§ YOUR INSTRUCTIONS
For every line below, restate it exactly and drop the images.
Top of COLLECTED MATERIAL
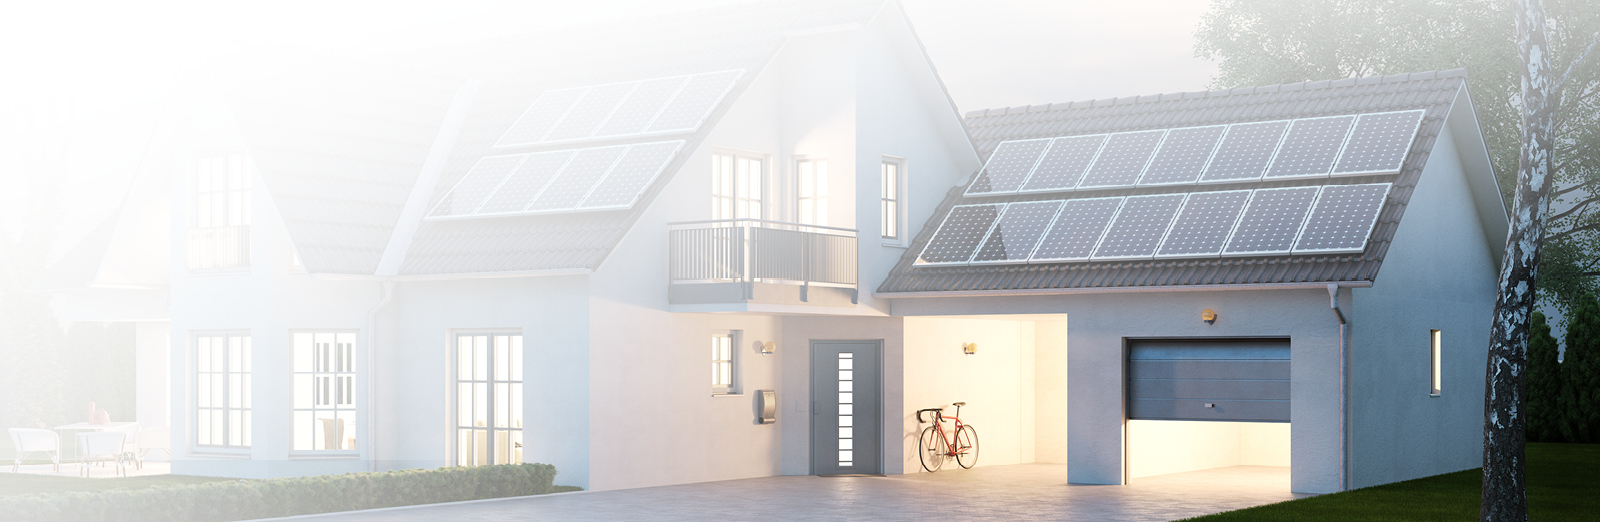 Sauberer Strom mit Photovoltaik für Ihr Eigenheim
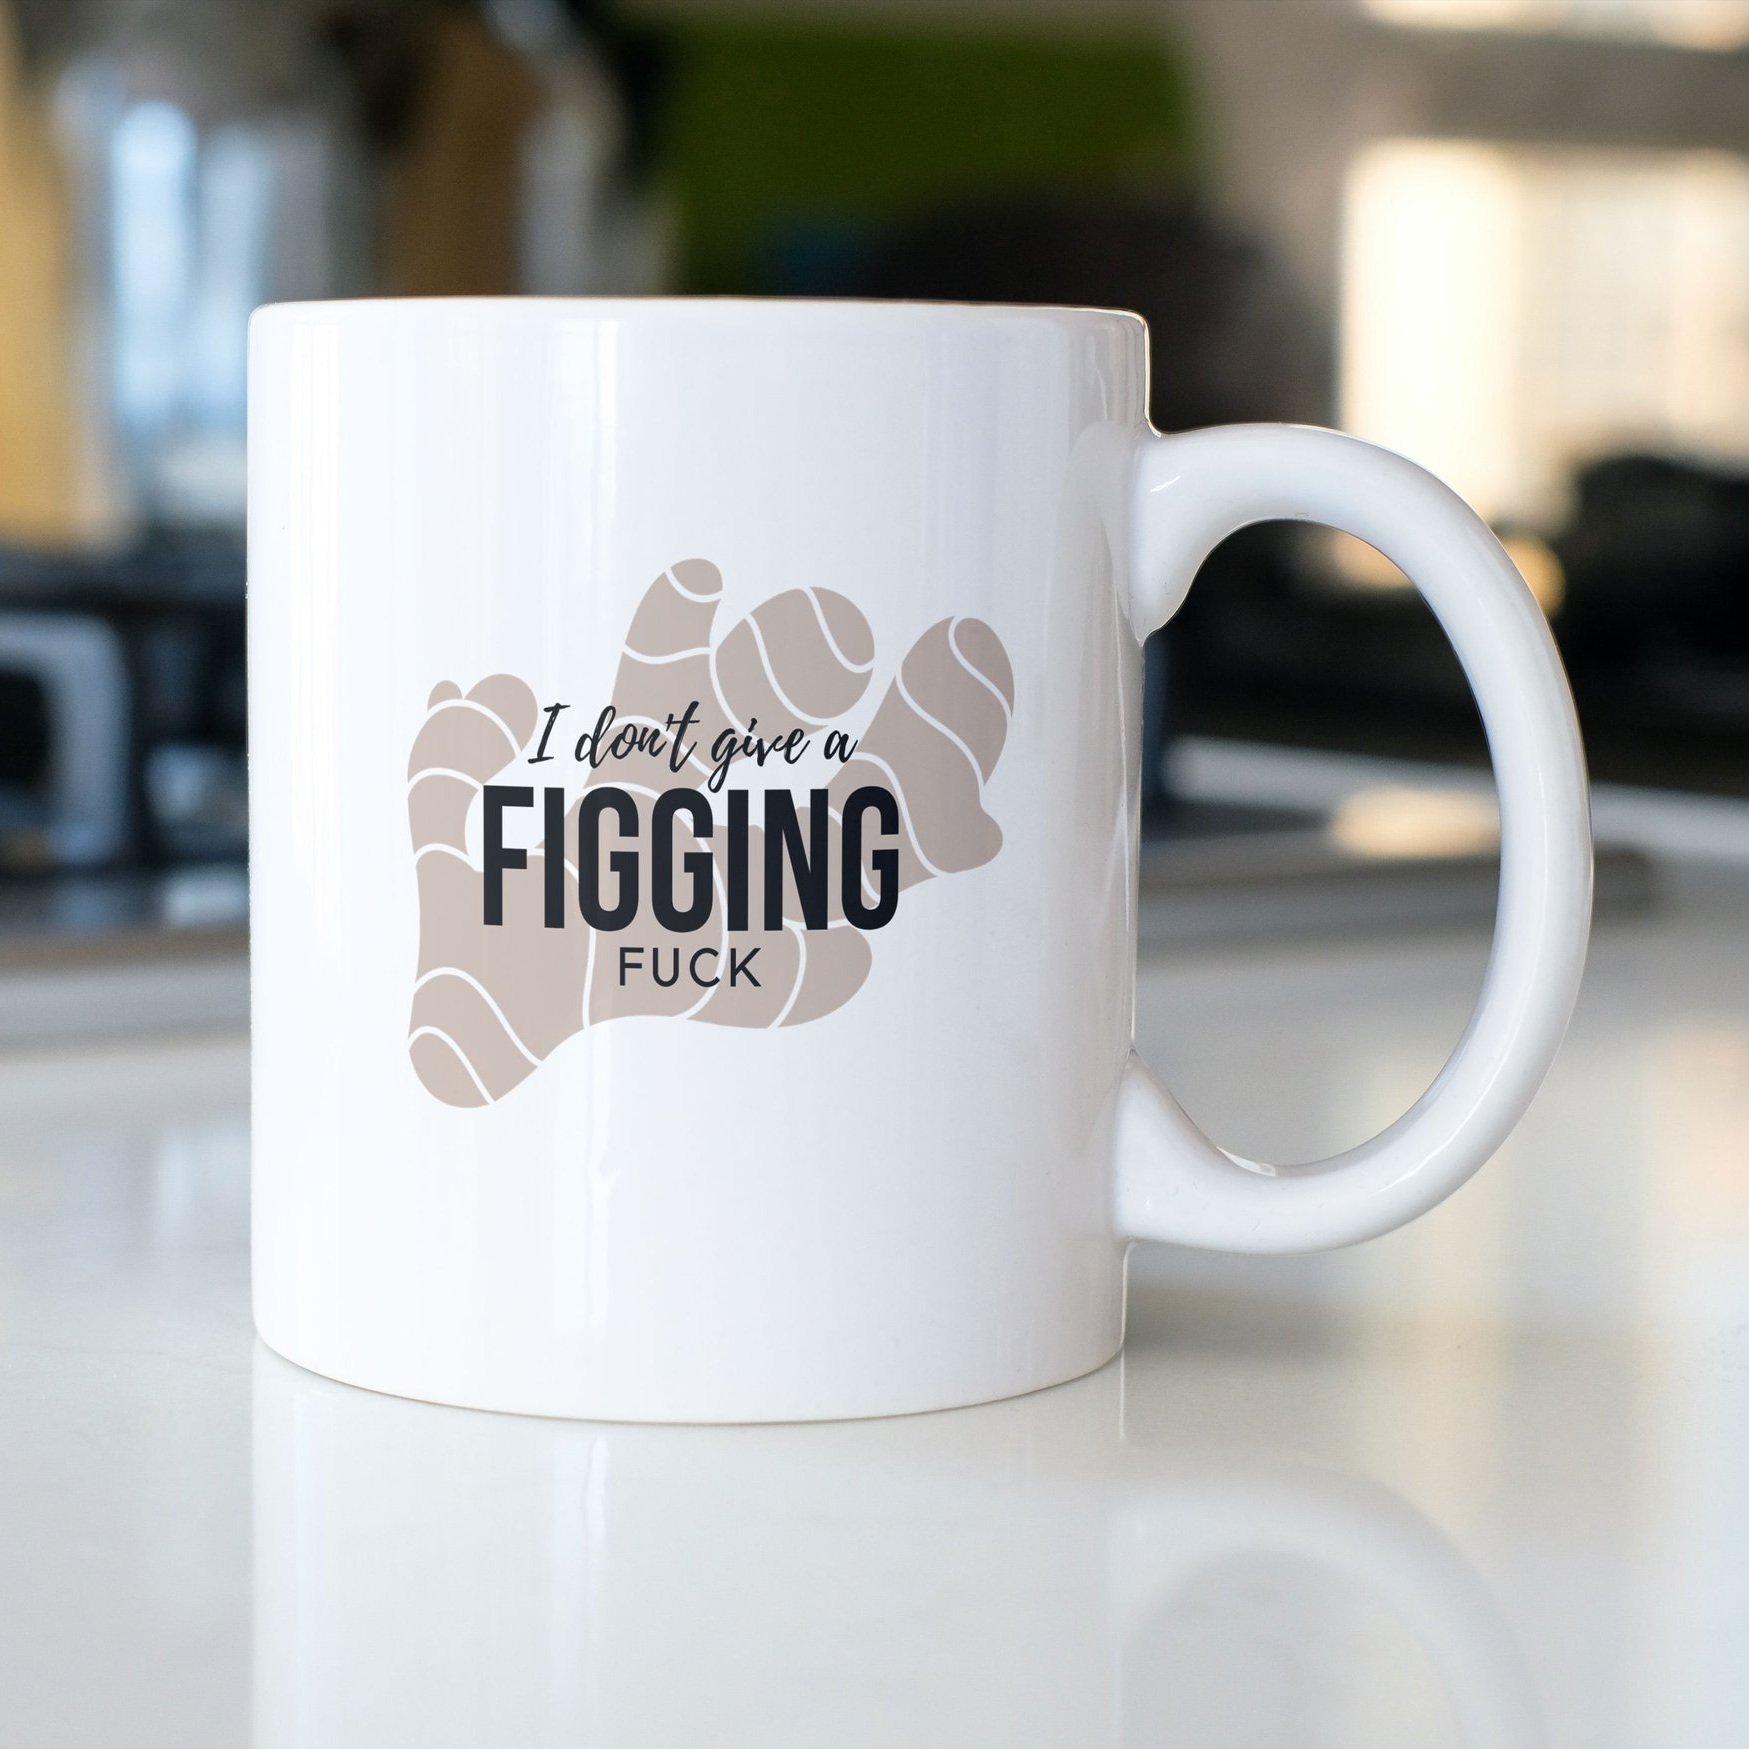 Ceramic-mug-on-the-desk_i-don%27t-give-a-figging-fuck.jpg
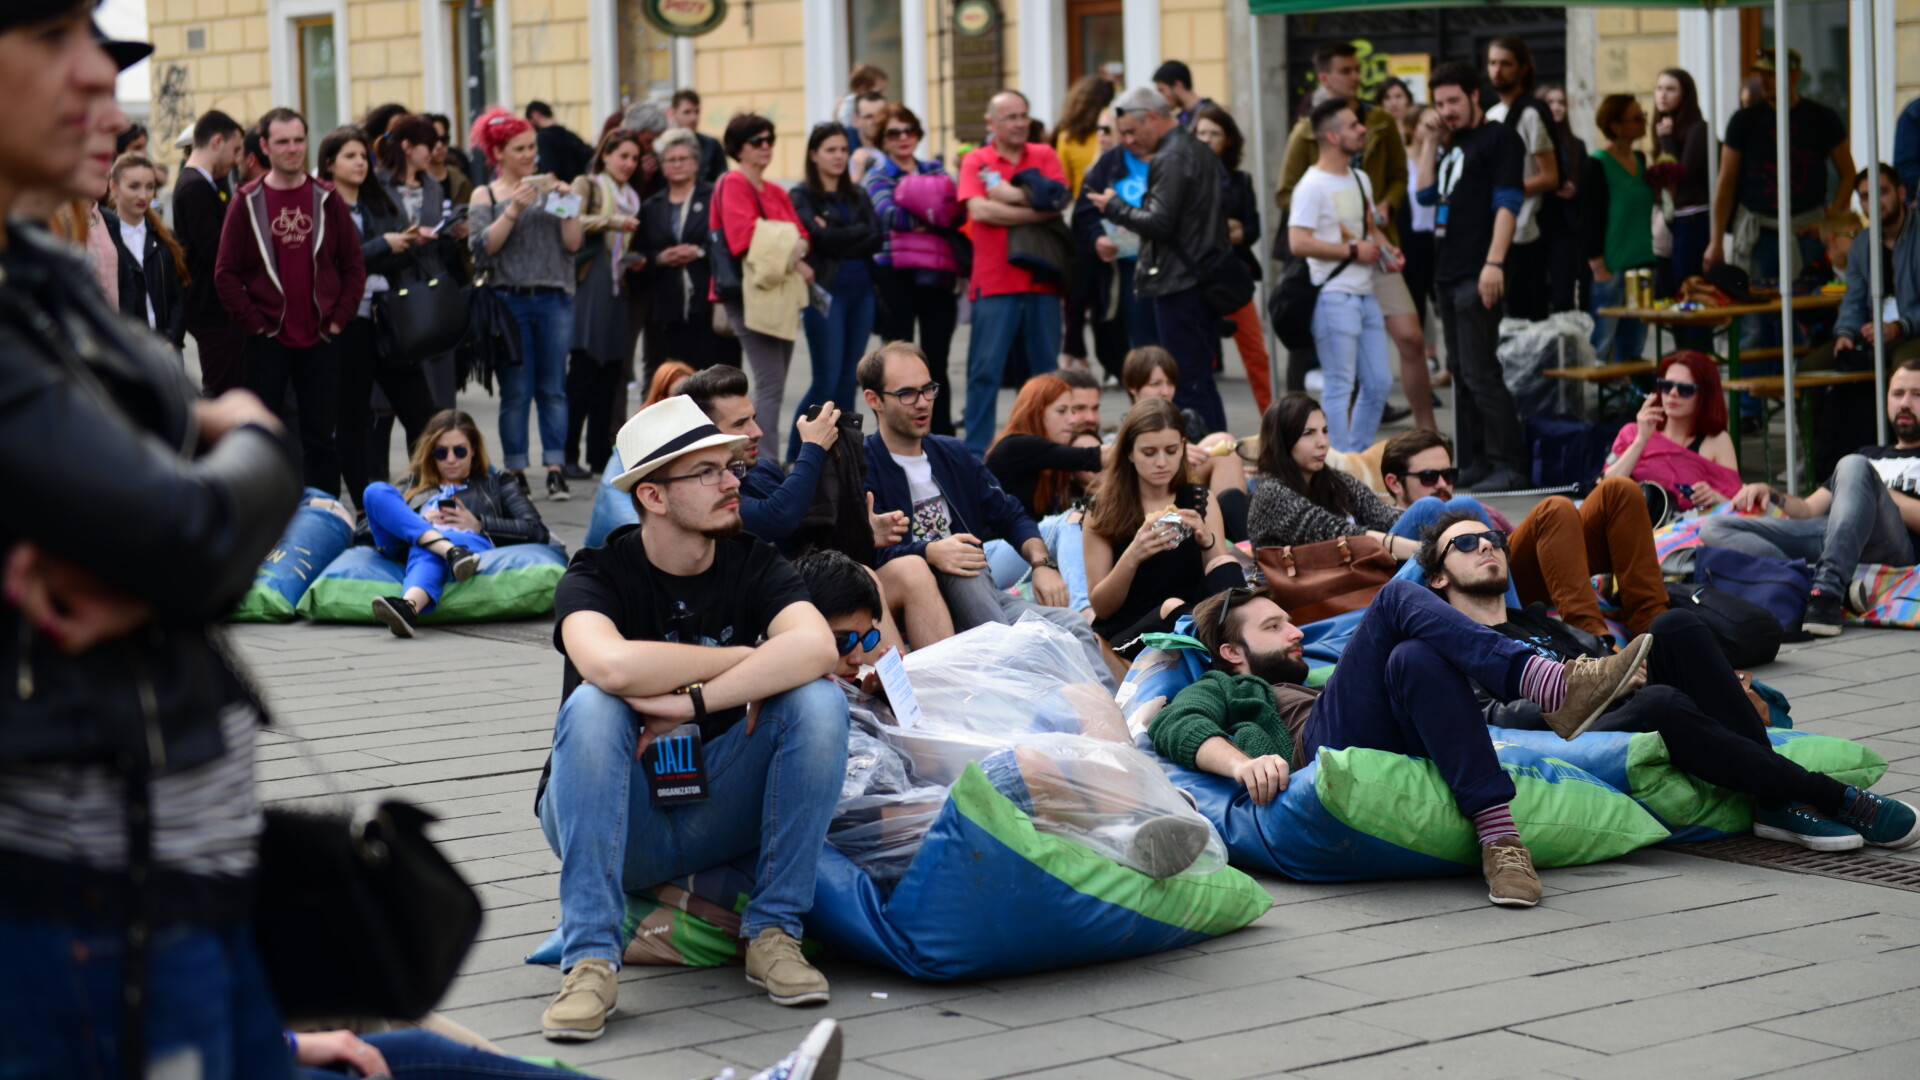 Clujul, animat de arta. Mii de persoane au asistat la evenimentele organizate la Jazz in the Street
Bottom of COLLECTED MATERIAL
§ EXERCISE SOLUTION
 Sauberer Strom mit Photovoltaik für Ihr Eigenheim
 Ceramic-mug-on-the-desk_i-don%27t-give-a-figging-fuck.jpg
 Clujul, animat de arta. Mii de persoane au asistat la evenimentele organizate la Jazz in the Street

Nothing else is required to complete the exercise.